A, Schematic of experimental setup for recording a tethered mosquito using mobile phones, with synchronized high speed cameras or high performance microphones as visual and auditory reference standards. Synchronization on the order of microseconds is achieved using a piezoelectric buzzer and LED controlled by a microprocessor. B, Overlaid spectrograms for female Culex tarsalis mosquitoes obtained independently using high speed video (magenta) and mobile phone audio (cyan), aligned to within 2 ms and showing a spectral overlap (blue) within 2 Hz across all time instances. The mobile phone data is noisy but faithfully reproduces the base frequency peak of 264 Hz and the first two overtones. C, Base frequency distributions from video and audio are indistinguishable by the 2-sample T-test (n = 165, α = 1%). D, Signal-to-noise ratio (SNR) estimates over distance from a standardized sound source show that mobile phone microphone performance within a 100mm radius is superior or comparable to high performance studio microphones. E, SNR over distance for the wingbeat sound produced by a tethered female Cx. tarsalis mosquito (normalized for a source amplitude of 45 dB), provide working limits where phones can detect the audio signal - 50 mm for the low end T-209 feature phone and 100 mm for the iPhone 4S and Xperia Z3 Compact smartphones. F, Variation of the base frequency distribution sampled by 8 different phones is low compared to the natural variation within a population of about 200 lab-reared Anopheles stephensi females. Raw data are shown with overlaid box plots marking the inter-quartile range, black circles for mean frequency, gray vertical bars for median frequency, and whiskers indicating 5th and 95th quantiles. G,H, The Jensen-Shannon divergence metric for base frequency distributions (G, lower left triangle) shows low disparity, ranging between 0.144 and 0.3, against a minimum of 0 for identical distributions. Likewise, the Bhattacharya distance (H, upper right triangle) shows high overlap, with values between 0.935 to 0.986, against a maximum of 1 for identical distributions.

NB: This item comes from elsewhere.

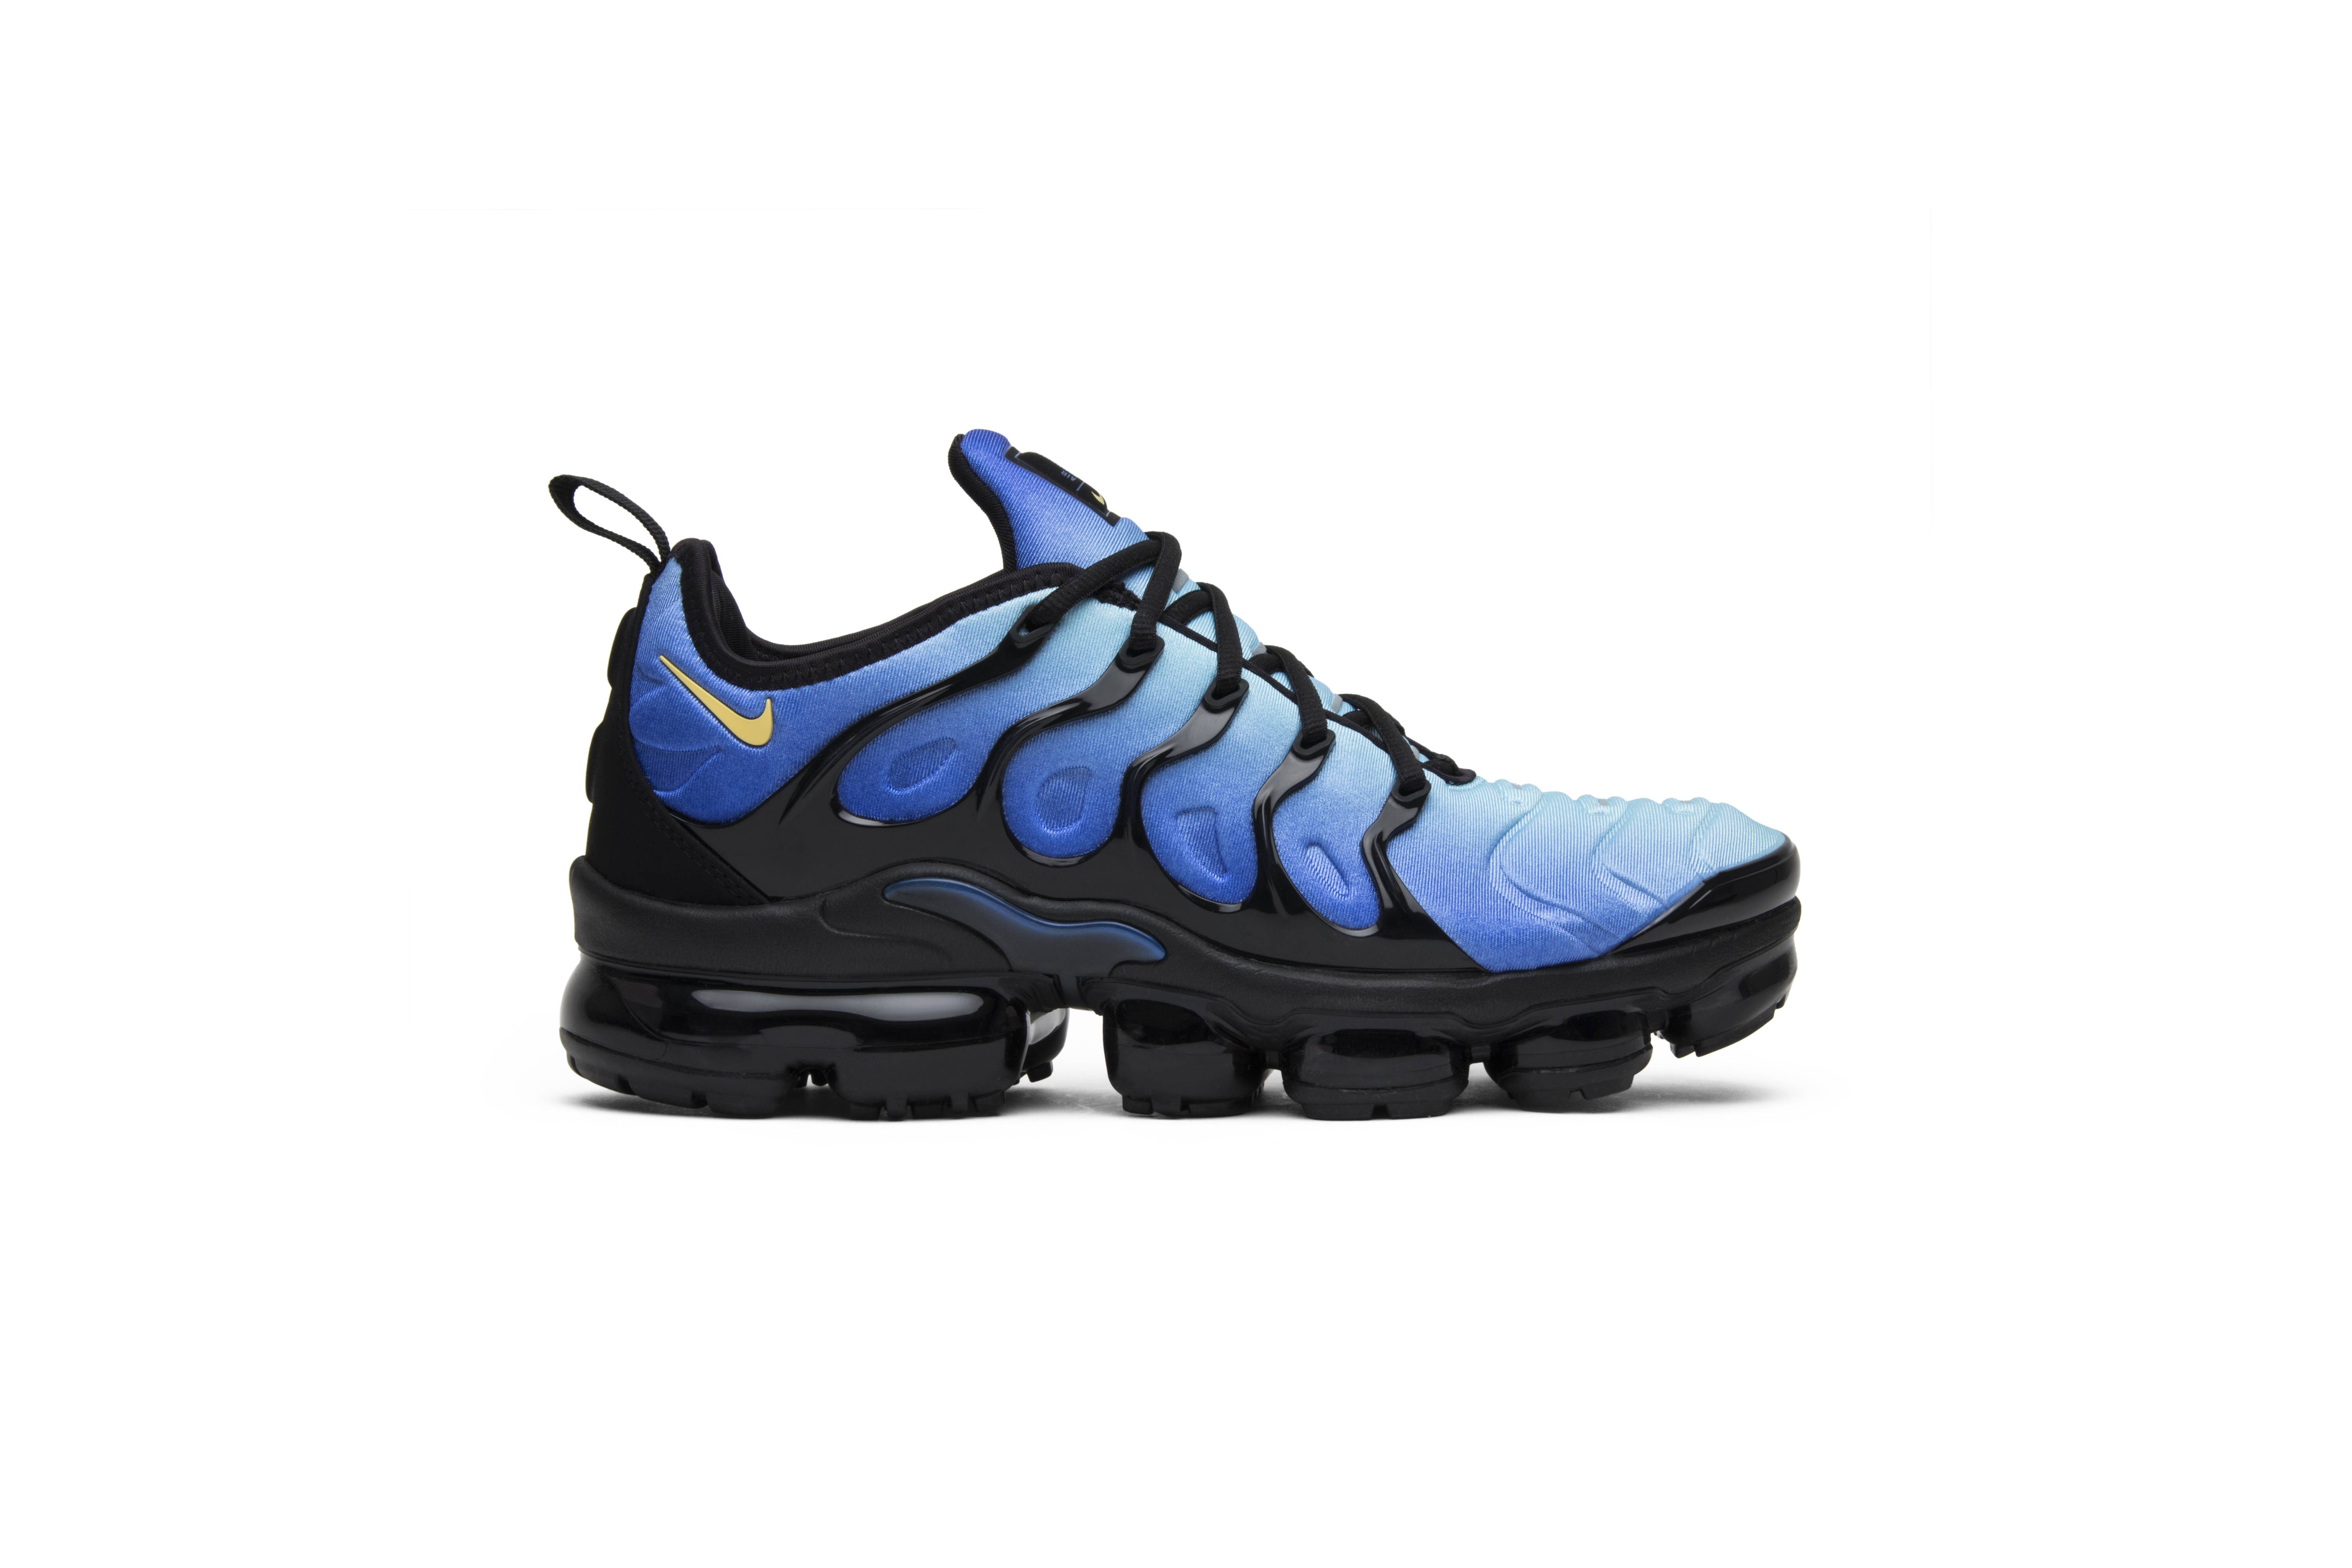 vapormax plus blue and yellow

As we propose using mobile phones as wingbeat acoustic sensors under field conditions, it is crucial to establish working limits within which their built-in microphones are sensitive enough to reliably acquire low amplitude mosquito sounds. Since the technical specifications of many commercially available mobile phone microphones are not openly available, we experimentally compared a range of mobile phone models having diverse feature capabilities to two reference electret condenser microphones under identical conditions. This provides a direct comparison of mobile phone microphones to the gold standard in acoustic sensing. We first used a piezoelectric buzzer of constant amplitude (77 dB at source) and frequency (500 Hz) as a standardized sound source, to show that both smartphones (iPhone 4S, Xperia Z3 Compact) and low-end feature phones (SGH T-209 clamshell model) had signal-to-noise ratios (SNR) that were comparable to the reference microphones over distances of up to 100 mm (Fig. 2D). Next, to gauge suitable working distances for the specific application of acquiring mosquito sound, we simultaneously recorded wingbeat sound from tethered mosquitoes using the reference microphones and mobile phones. Curves of mobile phone SNR over distance indicate that all the phones tested, including a decade-old basic phone (SGH T-209), are capable of acquiring detectable wingbeat sound up to at least 50 mm from a mosquito (Fig. 2E). This is a working distance that we have found to be practically achievable with reasonable ease when making free-flight measurements in the field. Smartphones like the Xperia are capable of signal detection even at up to 100 mm in quiet environments, making it still easier for users to record mosquitoes (Fig. S2).

For our proposed surveillance technique to scale to the broadest possible user base, citizen scientists must be able to engage in acoustic data collection using any commercially available mobile phone that they own. The varying sensitivity observed among phone models highlights the imperative that most mobile phones should still collect quantitatively comparable acoustic data from mosquitoes. We tested this for a collection of eight different commercially available cellphones (Fig. 2F, ranging in price from ~ $20 to ~ $700), where female mosquitoes of similar age from a lab-reared population of the malaria vector Anopheles stephensi were confined in a cage, and recorded by manually following them in free-flight. Quantitatively, both mean and median frequencies obtained by each phone lie well within the interquartile range of frequencies obtained by every other phone, and differ by less than 5% of each other (Fig. 2F). The distributions of wingbeat frequency all have high degrees of mutual overlap, as measured by Bhattacharya overlap distances (BD) between 0.93 to 1 (Fig. 2H). We further computed the Jensen-Shannon divergence metric (JSD) between each pair of phones (Fig. 2G), which had low values below 0.3 corroborating that wingbeat frequency sampling is relatively insensitive to the phone used. Thus, our data demonstrate that a diverse range of both smart and feature phones provide highly similar acoustic spectra from the same population of mosquitoes, as required of a truly universal platform for crowdsourcing mosquito identification via audio signal acquisition. Further, the JSD also provides upper bounds on the variation inherent in sampling the same population in different experiments, allowing us to establish a criterion for the minimum statistical distances required between wingbeat frequency distributions of different species in order to distinguish them.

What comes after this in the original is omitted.